Some dishwashing detergents are caustic; even the residue left in an open cup can be hazardous if ingested or rubbed into an eye.
An open dishwasher door will also make a great climbing platform; for a really ingenious toddler, the washer racks can serve as an excellent ladder to your kitchen counter. At best maybe she will just break the door altogether by jumping up and down on it, kind of springy and fun. Two toddlers involved and you can prepare yourself to hear about a few smashed fingers to add to the fun.
The same latch that works on the stove will work here as well with a little modification. Just be careful you do not forget it is there and rip off the hinges. Childproof it can be; adult proof??
Trash compactors take a little more to keep closed and will usually require a custom fabrication, depending on your unit, to be effective and useful.
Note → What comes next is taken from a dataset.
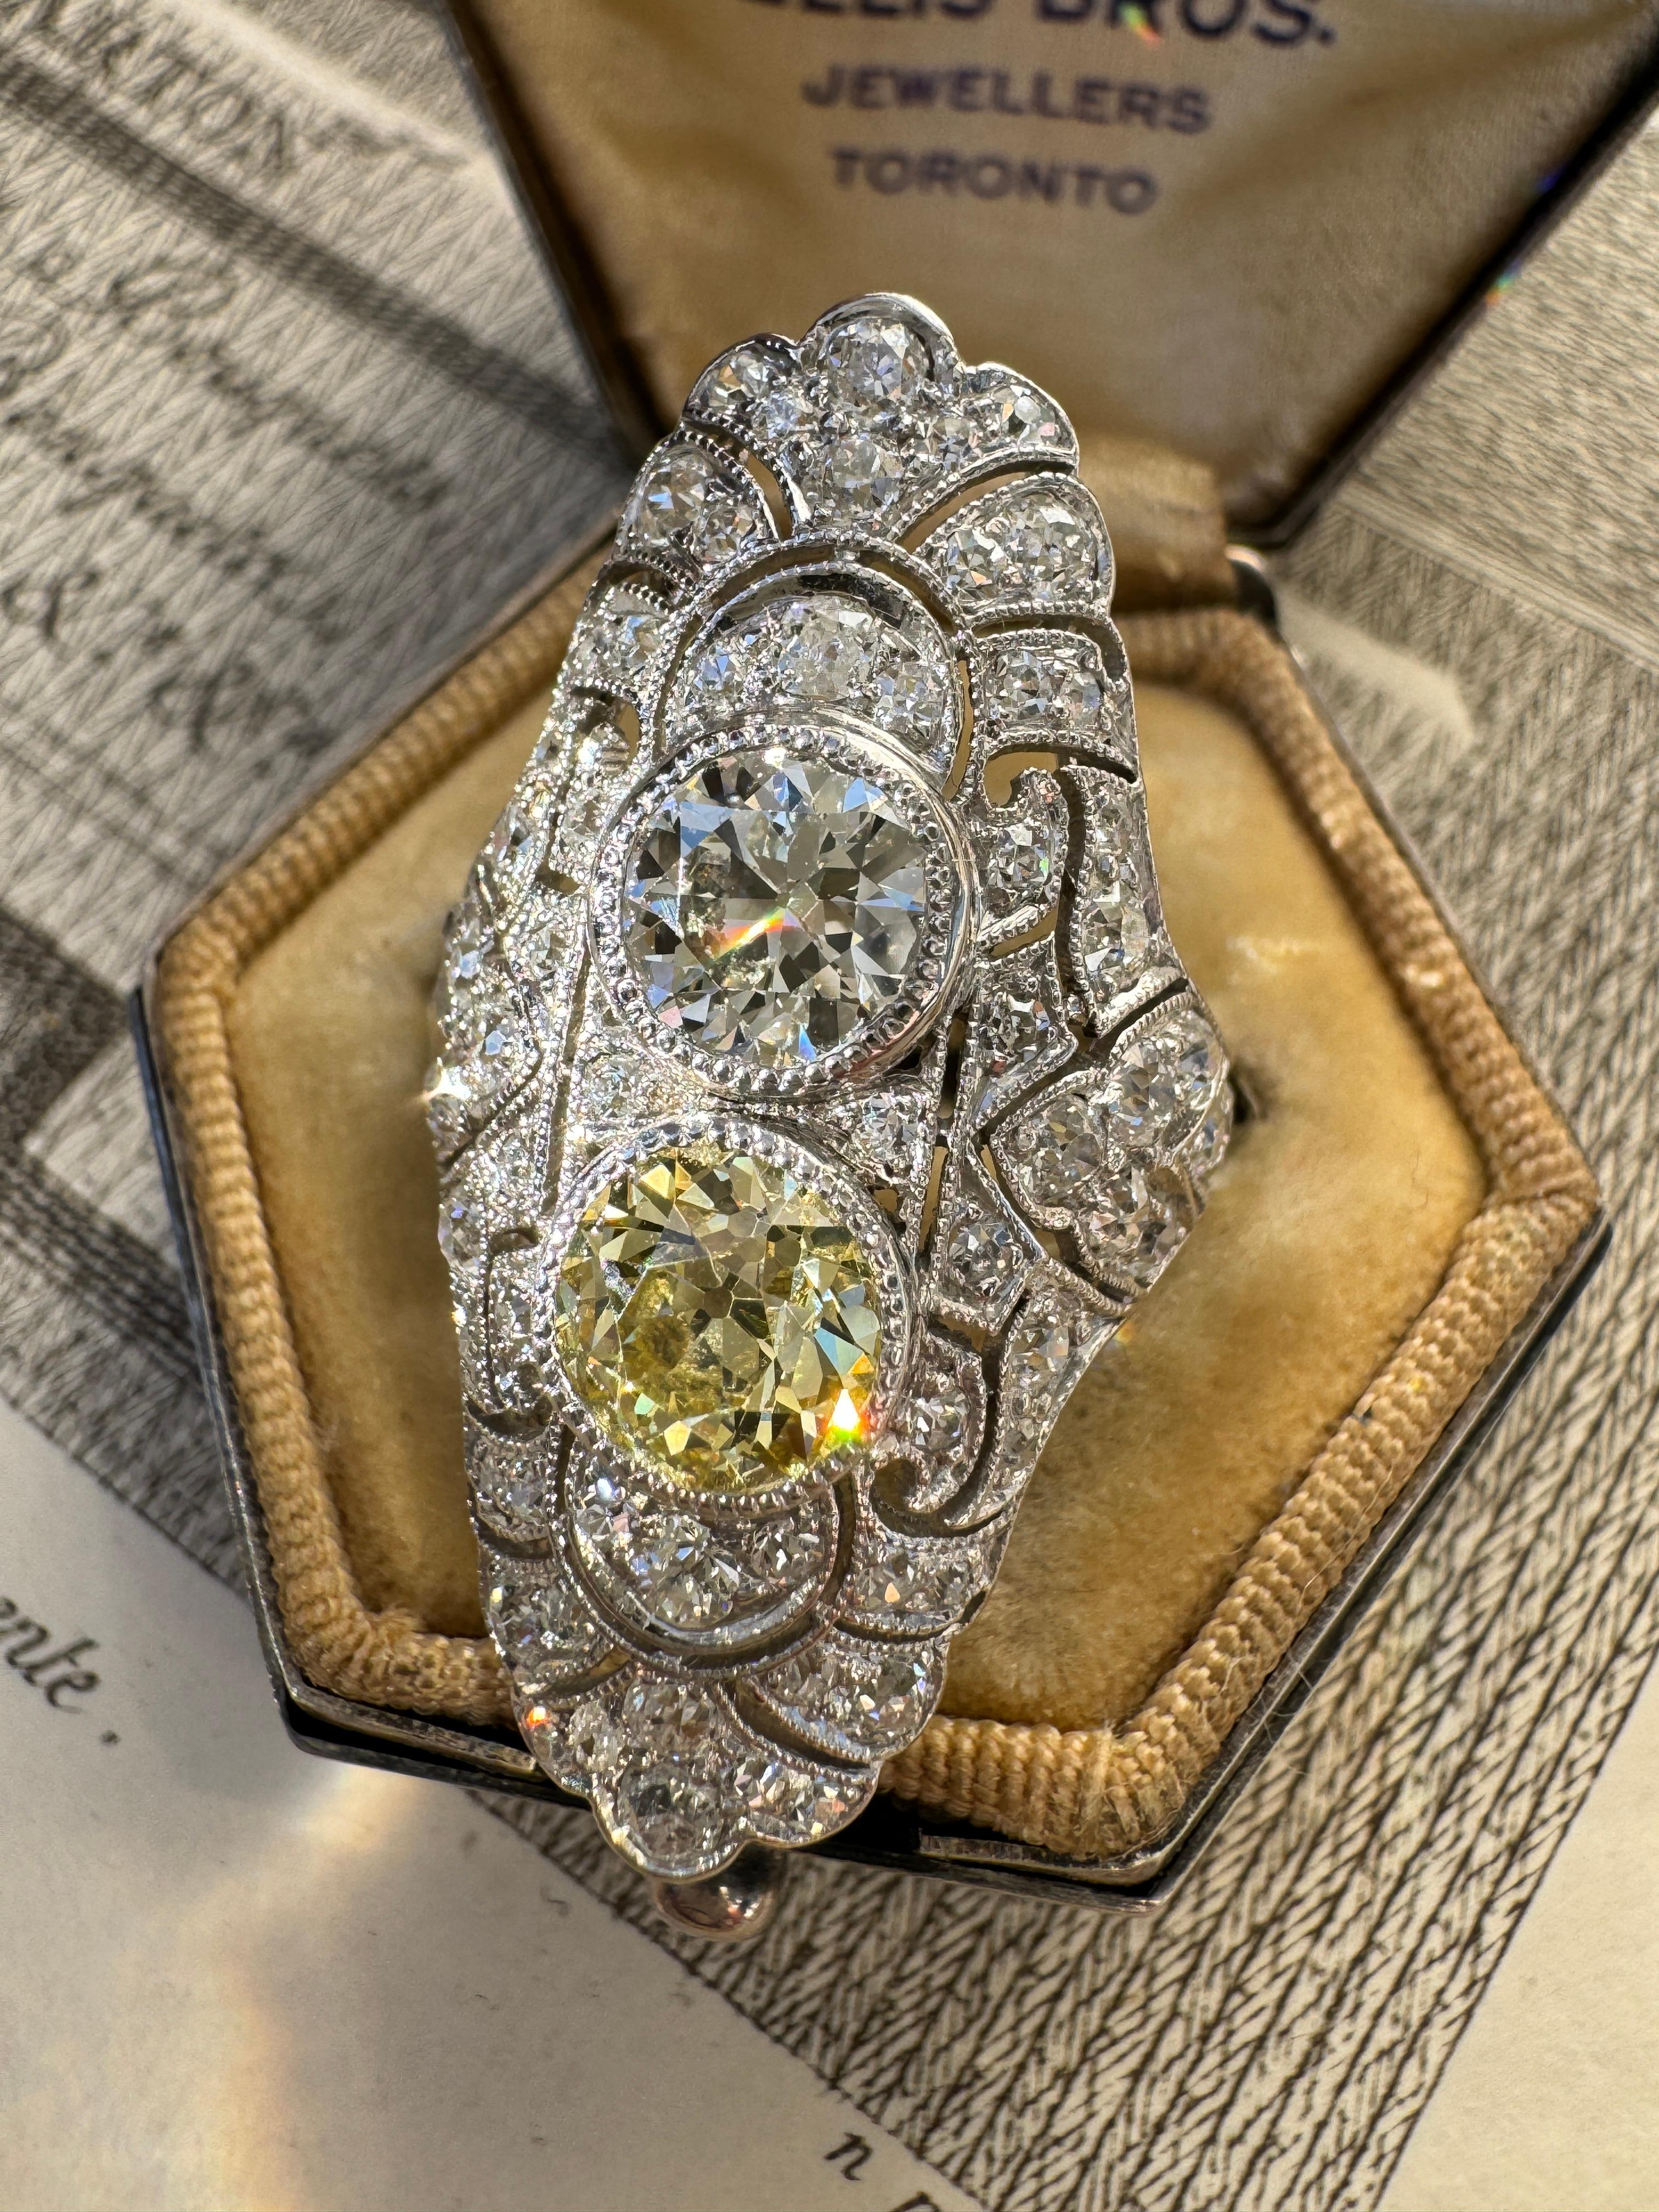 Intricately hand fabricated in platinum around the first or second decade of the twentieth century, this romantic toi et moi ring centers on a blazing fancy yellow old mine-cut diamond, (GIA 1.24 carats with VS2 clarity), and a dazzling 1 carat old

Because trash compactors can be difficult for a toddler to use, we recommend that you wait until this does become a problem for you.
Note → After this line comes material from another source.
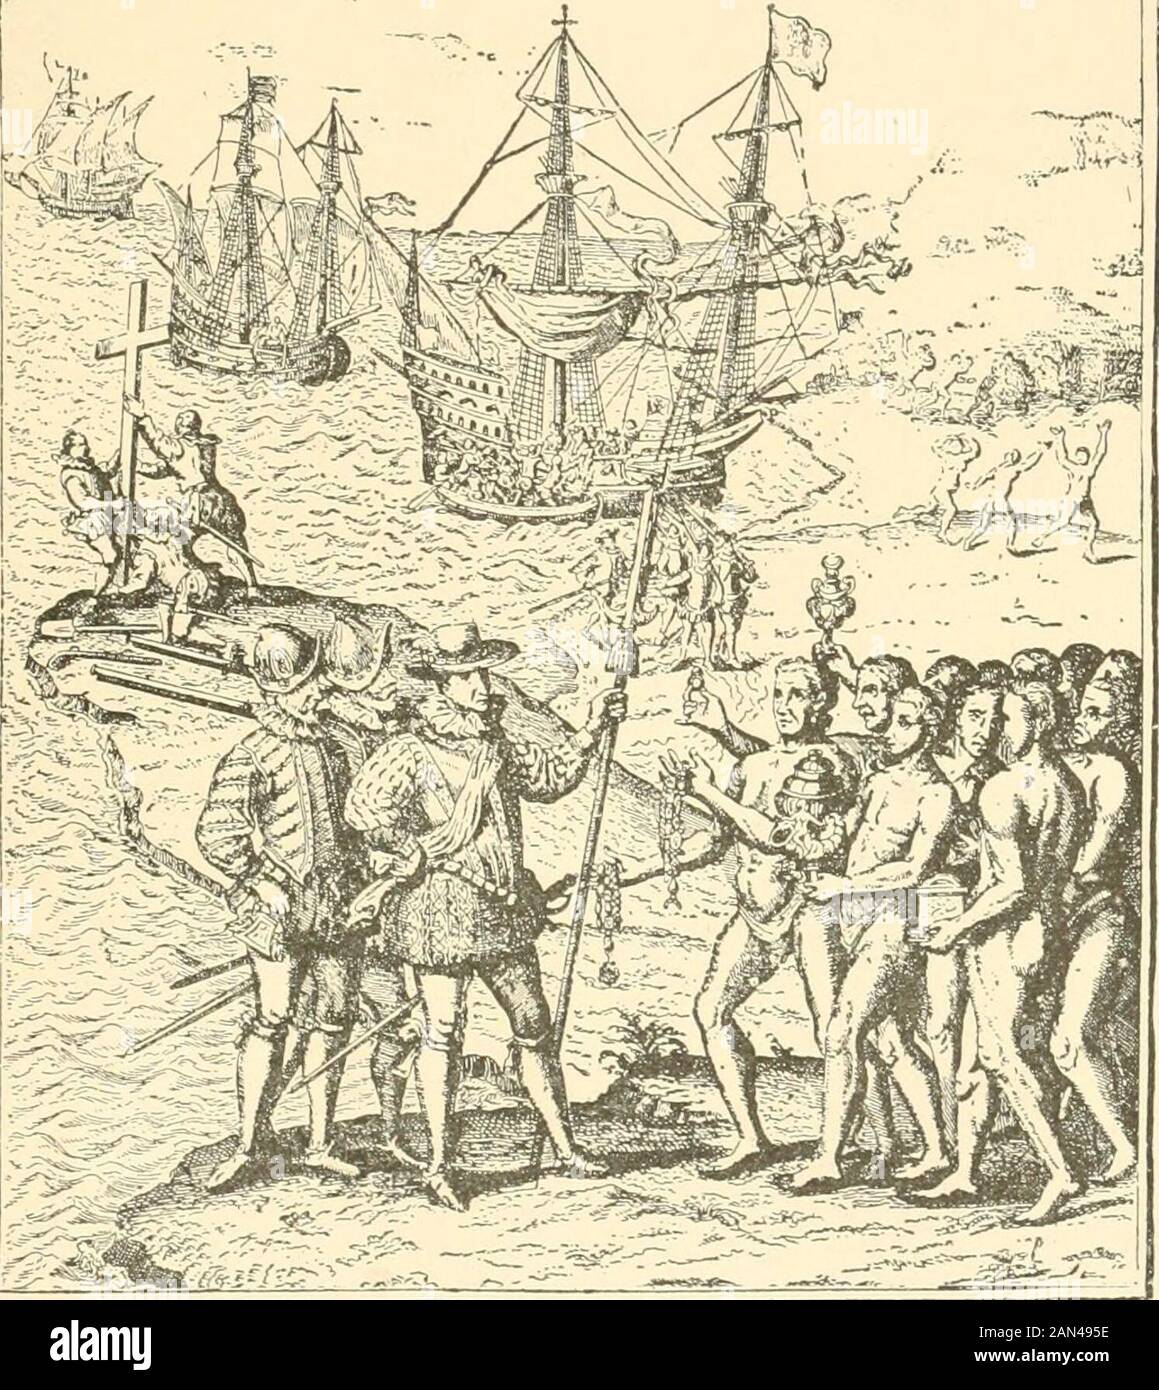 Pioneer Spaniards in North America . ate of Ojeda on his expedition to coastof Paria, 7 ; appointed Pilot Major of Spain, 25 ; question as towho first sighted mainland of America, 26 5 his account of hisvoyage in 1501, 31 ; controversy about him, 36 ; how his namewas bestowed on the Western Hemisphere, 37. ViLLAGRAN, Gaspar Perez de, nialces a daring leap and saveshis countrymen, 315. Yucatan, peninsula of, visited by Cordova, 129 ; massive ruins,130 j these not very ancient, 335. Zaldivar, Juan de, an officer of Juan de Onate, 305 ; visits Acoma, 305 ; is killed by the natives, 307.Zaldivar, Stock Photo

Appliance latches, like other devices, only work if you close them. These latches are very easily broken if left in the open position.
Refrigerators can be more of a mess with toddlers than a safety hazard; still, broken glass containers do take their toll and thrown eggs do add color to your walls. Refrigerator door straps might prove to be very useful in deterring this problem. Velcro is usually the best defense here. Mount it up high and out of reach or it will not be effective.
There are numerous brands of self-closing latches for refrigerators. Those that we have tested break after a few weeks use; besides reintroducing an old threat of trapping a child inside should he manage to negotiate the latch. We do not recommend this type of automatic latch on a refrigerator door.
Crushed ice and water dispensers on refrigerators: what a great convenience for us not to mention energy savings as well by not having to open the refrigerator door. Most newer models have been introduced with a higher mounting location and are out of a toddler’s reach. If fortune did not shine on you and an early model sits in your kitchen, good luck when your toddler takes an interest in this option and you still wish to keep it in use.
Tablecloths have a tendency to be pulled on by 9 month olds through to even two year olds and should as a rule, be removed for a while. Judge for yourself when the time is right to put these back into use. We suggest you start out with nothing on the table (do not use a center piece you may wish to keep) when you do reintroduce tablecloths back into your home.
Plastic wraps used on grocery store vegetable and meat products are very dangerous; dispose of them promptly, out of reach.
Plastic wraps and foil boxes have extremely jagged, sharp cutting edges. Dispose of these boxes carefully and store them with this in mind. A toddler with a wrap box is not only a danger to himself but to others around him as well!
Broken glass accidents require immediate and thorough attention; a wet paper towel (do not use a cloth towel if you wish to keep it) will ensure that you get all the small pieces up; dispose of it promptly like any other hazardous substance.
Garbage is a very interesting subject for a young mind. If the trash container is not secure, what is put in your trash can be as dangerous to him as if you just threw it on the floor . A child just beginning to pull up and learning to toddle around will use this container to pull up on and over. Use common sense when disposing of sharp items, toxic substances, their containers, etc.
Wall telephone cords can be secured up with a cup hook or simply looped over the top of the telephone. Besides being a strangulation hazard of which we are all aware; a wall telephone can easily go clunk on a head if the cord is being wildly oscillated by a gleeful toddler.